Dagnabbit, I thought. I wanna be reckless, too.
No, not like “distracted driving” reckless. Reckless like living free of fear. Reckless like living—as the saying goes—with reckless abandon.
The problem is, more often than not, I’m full of reck.
I know this because I run. Running is a revelatory sport. Painfully revelatory. I am convinced running is the most profound and perceptive recreational activity there is. The miles strip away affectation and social veneers. You can’t be a poser when you run. You can’t fake anything at mile twenty. Running is a war of attrition that exhausts artificial resources and exposes what lies beneath.
And for me, what lay beneath was fear.
I never knew how much fear I harbored until I started running. I’d step onto the track only to be overcome with dread that I wouldn’t be able to complete the intervals. I’d toe the start line of races convinced that every other girl there was fitter and faster than I was. I’d take the first steps of a tempo run terrified by how badly it was going to hurt. I’d wait in the start corral of a marathon weighted down by anxiety that I wouldn’t PR, that I wasn’t up to the task before me, that I would let myself down, that I would fail.
It disguised itself as humility. It disguised itself as honesty. It disguised itself as realism, as modesty, as practicality. As something good. It disguised itself as all sorts of things except for what it really was.
Fear. Plain and simple.
The thing is, our lives our not compartmentalized. I realized that if I was holding back in running because I was afraid, I was inevitably holding back in other areas of my life for the same reason.

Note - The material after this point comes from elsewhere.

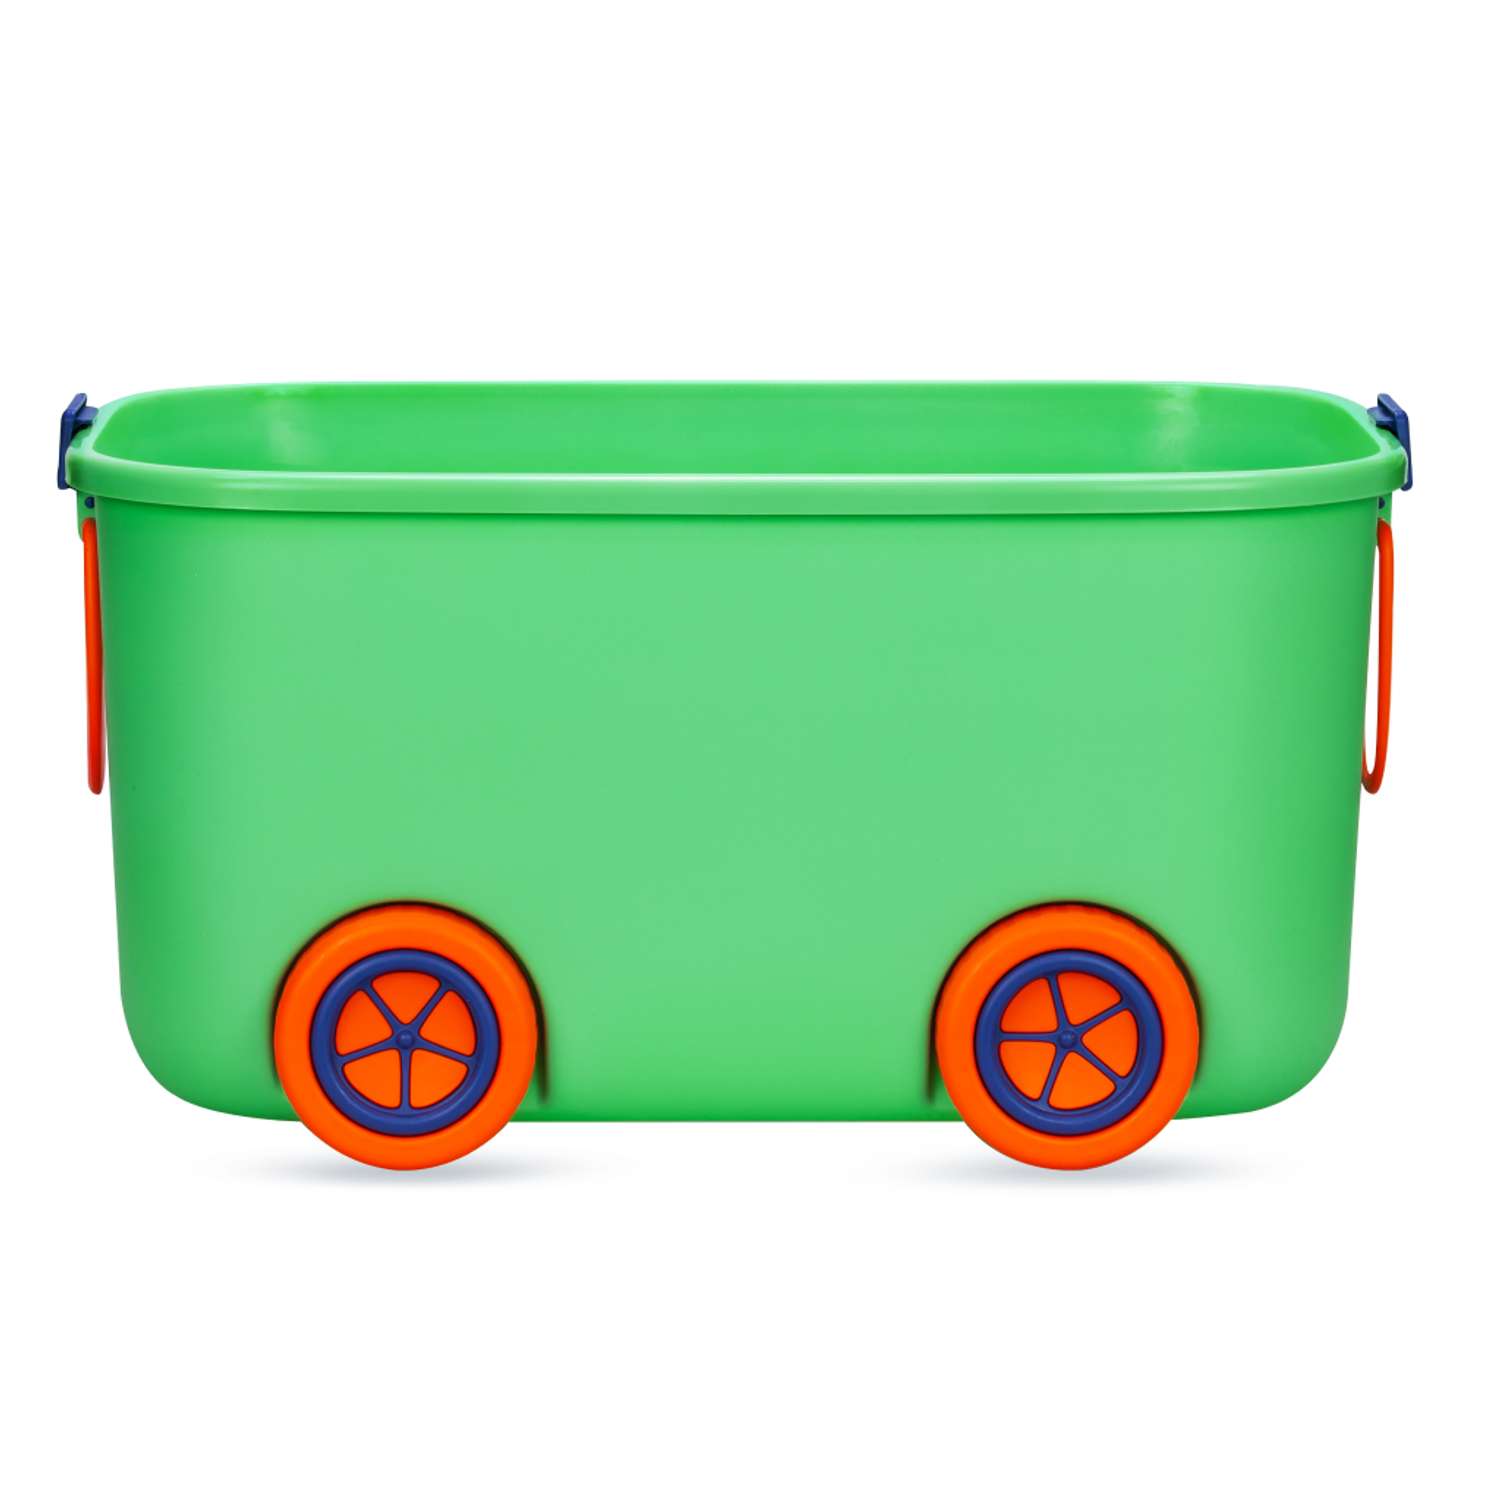 Ящик для хранения игрушек Solmax контейнер на колесиках 54х41.5х38 см зеленый - фото 8

Where else was I selling myself short because I was scared of the pain? Where else was I surrendering because I was comparing myself to others? Where else was I missing out because I felt inferior to the task? Where else was I letting fear rob me of life—of my life?
Running provides us with an invaluable sphere in which we can discover our fears and overcome them. It gives us a tangible forum in which we can push our limits and test how we handle fatigue, pain, discomfort, setbacks, monotony, inconvenience, defeat. Running concentrates the entire gamut of human emotion into mere hours. Running lets us succeed. Running lets us fail. And, ironically, without the latter, the former is impossible.
Far from fearing failure, we should be grateful for it. John Keats, who was basically the Steve Prefontaine of the literary world, said that he was never afraid of failure, for he would sooner fail than not be among the best. Thomas Edison was quoted as saying he failed his way to success. And Teddy Roosevelt famously declared that he would rather come up short time and time again, that he would rather fail while daring greatly, than be with the “cold and timid souls who neither know victory nor defeat.”
It is a strange paradox, but in some ways, running to win and running to fail are one and the same. The first is our goal; the second comes with the territory. Both are impossible when we give in to fear. After all, running to avoid failure only guarantees mediocrity.
No hurt is wasted. No failure is in vain. No blown race or disastrous workout is for naught. As the great Victor Hugo wrote, acts of daring light the pages of history and the soul of man, and we dismay calamity simply by not being afraid of it.
As runners, we can claim our acts of daring on a daily basis. It may be a PR, a marathon, a first 5K, a tempo run, a trail race, or repeats on that hill that’s been mocking us for two years. Whatever your act of daring is, claim it, for while fear exists only in the mind, your victories are not limited to the miles.
So fear not, noble runners, and run daringly. Run to win. Run to fail. And always run with reckless abandon.